Hot St. John's has good shot at NCAA bid

Dwight Hardy and St. John's are looking like locks for an NCAA Tournament bid after recent wins over Duke, UConn and Marquette. (Feb. 13, 2011) Credit: AP
If this were Selection Thursday, for the first time in nine years it would be impossible for the NCAA Tournament committee not to include St. John's in the field. With five games remaining in the regular season, Steve Lavin has authored a turnaround that might be the most remarkable coaching achievement of this season.
When Lavin left ESPN to take charge of a floundering Red Storm program that had long ceased being relevant on the New York stage, he inherited a group of nine seniors who never had finished better than 6-12 in Big East play. St. John's promising start seemed to come off the tracks in back-to-back December losses to St. Bonaventure and Fordham, but after every misstep, it seems Lavin's team makes a quantum leap forward.
The pollsters barely have taken notice. Of the top 10 teams in the Big East, St. John's is the only one that hasn't appeared in the Top 25 of either the AP or ESPN/USA Today rankings.
But after winning five of its past six games, including blowouts of then-No. 3 Duke and then-No. 9 Connecticut and a sweep of Big East road games against Cincinnati and Marquette, the Red Storm (16-9, 8-5 Big East) is highly ranked where it counts. St. John's is 15th in the RPI rankings used by the selection committee to shape the expanded 68-team field and is rated No. 1 in strength of schedule, according to a consensus of services that duplicate the NCAA's formula.
ESPN "bracketologist" Joe Lunardi, who is considered an expert on the subject, had St. John's in the tournament as a seventh seed in the Southeast Region in the bracket he issued Monday before the Red Storm defeated Marquette Tuesday night. That victory put St. John's one win away from clinching a .500 record in the Big East and matching last season's total of 17 wins in 33 games.

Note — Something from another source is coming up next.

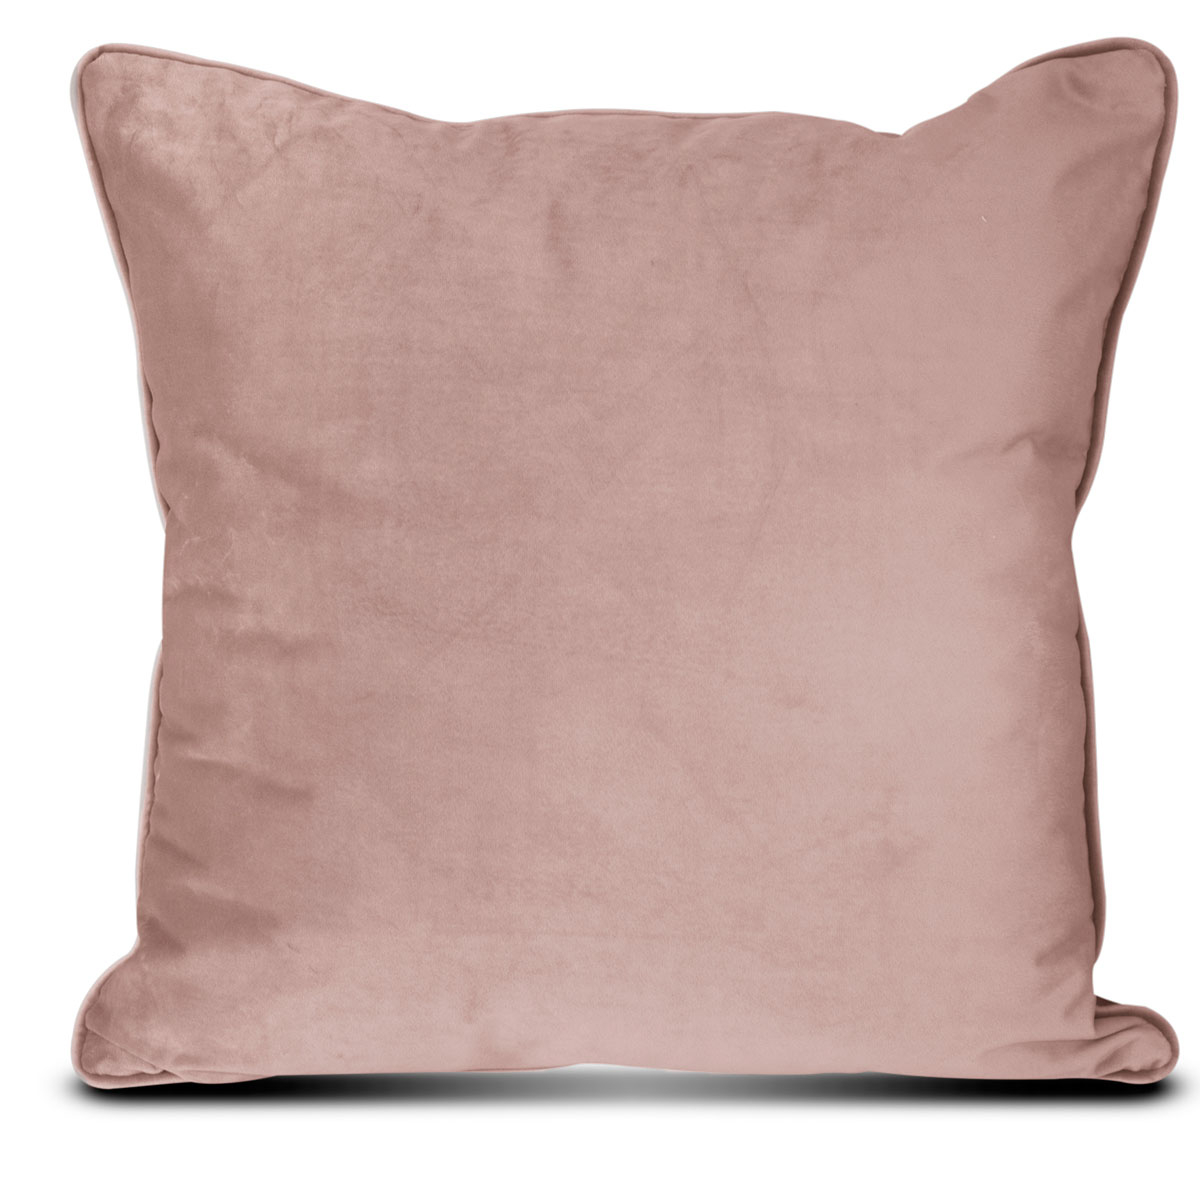 Διακοσμητικό Μαξιλάρι Βελούδινο (45×45) Elite Velour Pink

The best indication of how far St. John's has come might be the anticipation of its next game against No. 4 Pitt Saturday afternoon at Madison Square Garden. In its past two Garden appearances, the Red Storm beat Duke by 15 points and UConn by 17. Despite its lofty ranking, Pitt could find itself on the wrong end of the same stick that punctured Duke and UConn.
Yes, St. John's is for real, and so is senior guard Dwight Hardy, who has stepped up his game to average 25.3 points during the Red Storm's recent six-game surge. A year ago, Hardy was coming off the bench, settling for nothing but long jumpers and being streaky as a result.
After Hardy's 28-point effort at Marquette, Lavin said, "Dwight is the best pure shooter I've coached. He's playing with confidence. It looks like he can drop-kick the ball in the Atlantic Ocean."
The beauty of what Lavin has done is that, while he built up Hardy for his long-range marksmanship, he also got him to change his game and look to go to the basket first while learning the patience to pick his spots from three-point range. Mix in Lavin's full-court pressure defense, and you have the makings of a tournament team.
Selection Sunday is a little more than three weeks away, but it will be an upset now if St. John's name doesn't land in the bracket.